Thanks for your response, I just checked again, test split is same but train/val splits are different (I might be doing something wrong, so please double check!)

leo validation split classes n01558993 n01910747 n02074367 n02091831 n02101006 n02114548 n02165456 n02606052 n02687172 n02971356 n03908618 n04243546 n04389033 n04604644 n07697537 n13133613

original validation split classes n01855672 n02091244 n02114548 n02138441 n02174001 n02950826 n02971356 n02981792 n03075370 n03417042 n03535780 n03584254 n03770439 n03773504 n03980874 n09256479

At the end of the day, we evaluate on test set, so it should be okay. But, from my experience validation errors are quite different, and we do hyperparameter search on validation set, and it might give us different results, considering small size dataset like mini-imagenet.

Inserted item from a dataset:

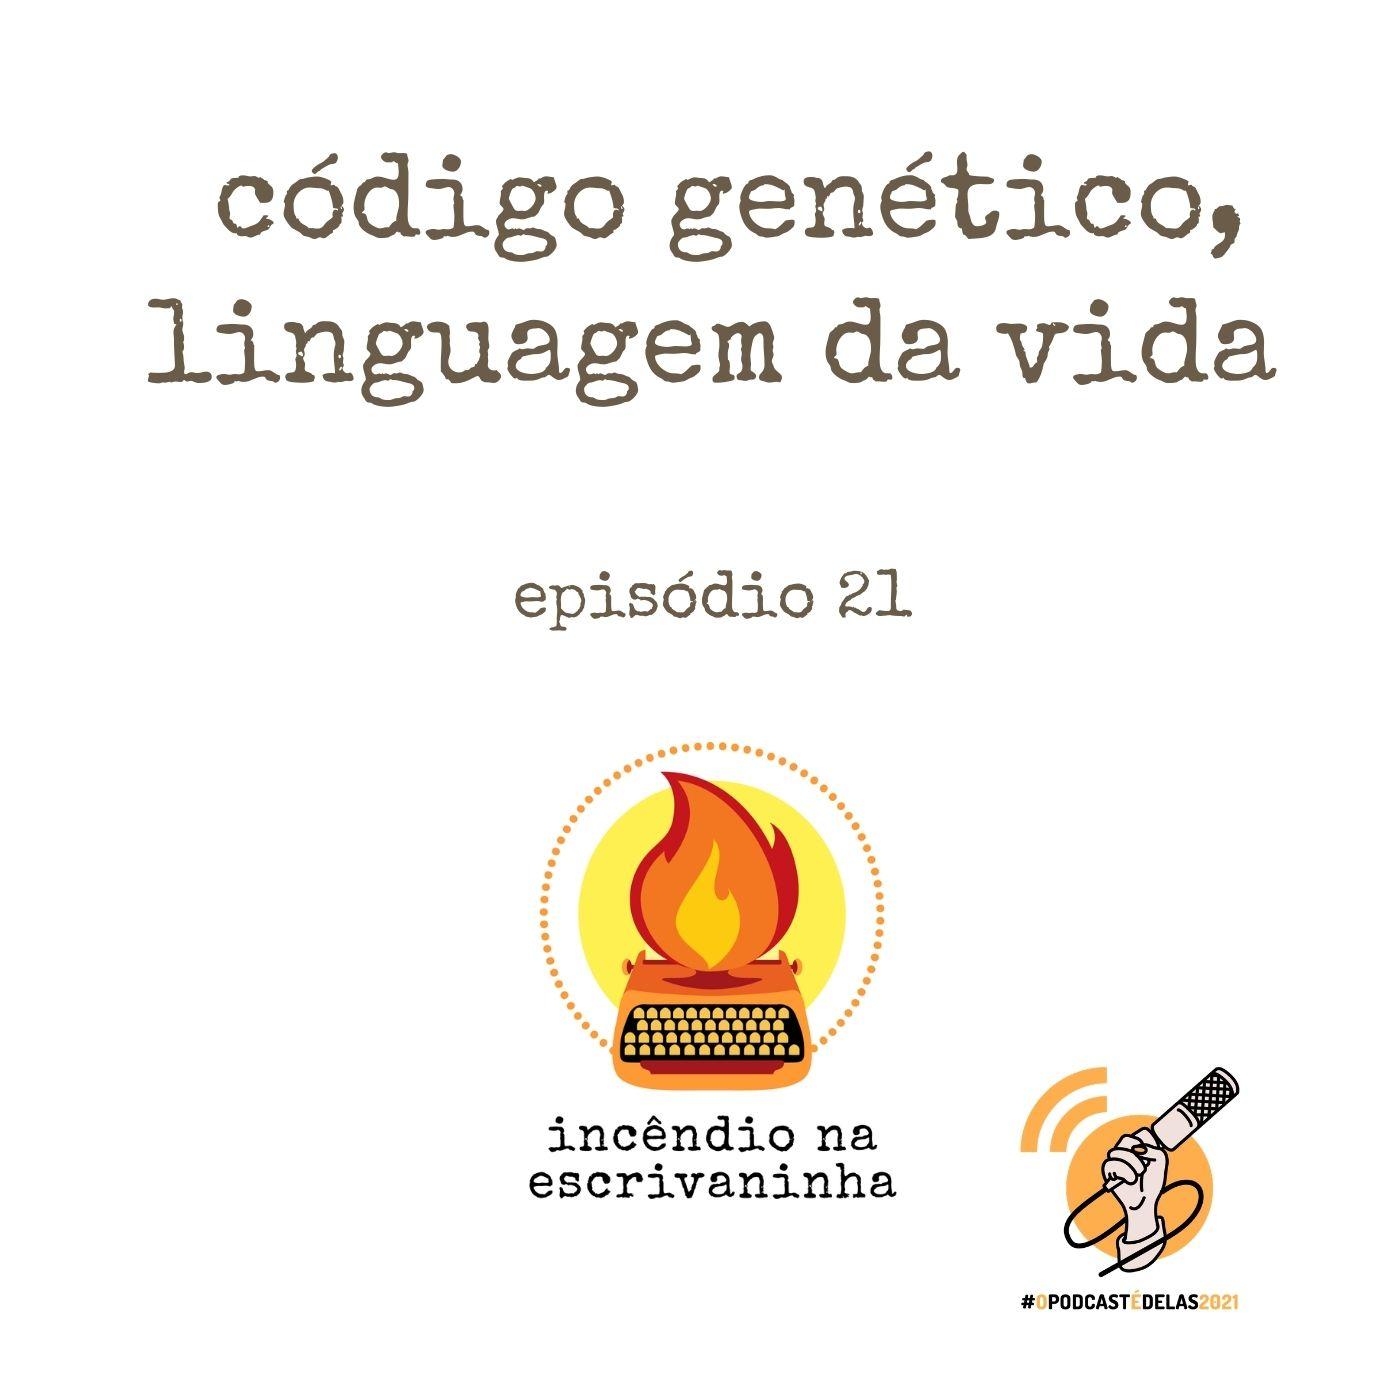 Incêndio na Escrivaninha #21 – Código genético, linguagem da vida

andreirusu commented 5 years ago

Any train/valid split will do, there is no "correct" one. Since previous SOTA has trained their model on train+valid, as they should, we also used both splits for final results. Which split is used for hyper-parameters choices is less important. In fact, we should have used a leave-16-out cross validation regime and should have evaluated 5 grids to find the best setting of hypers across all 5 blocks of 16 classes as validation. Naturally, that is more expensive, but it would have found better hyper-param, at least in theory. Short of that, any split will do.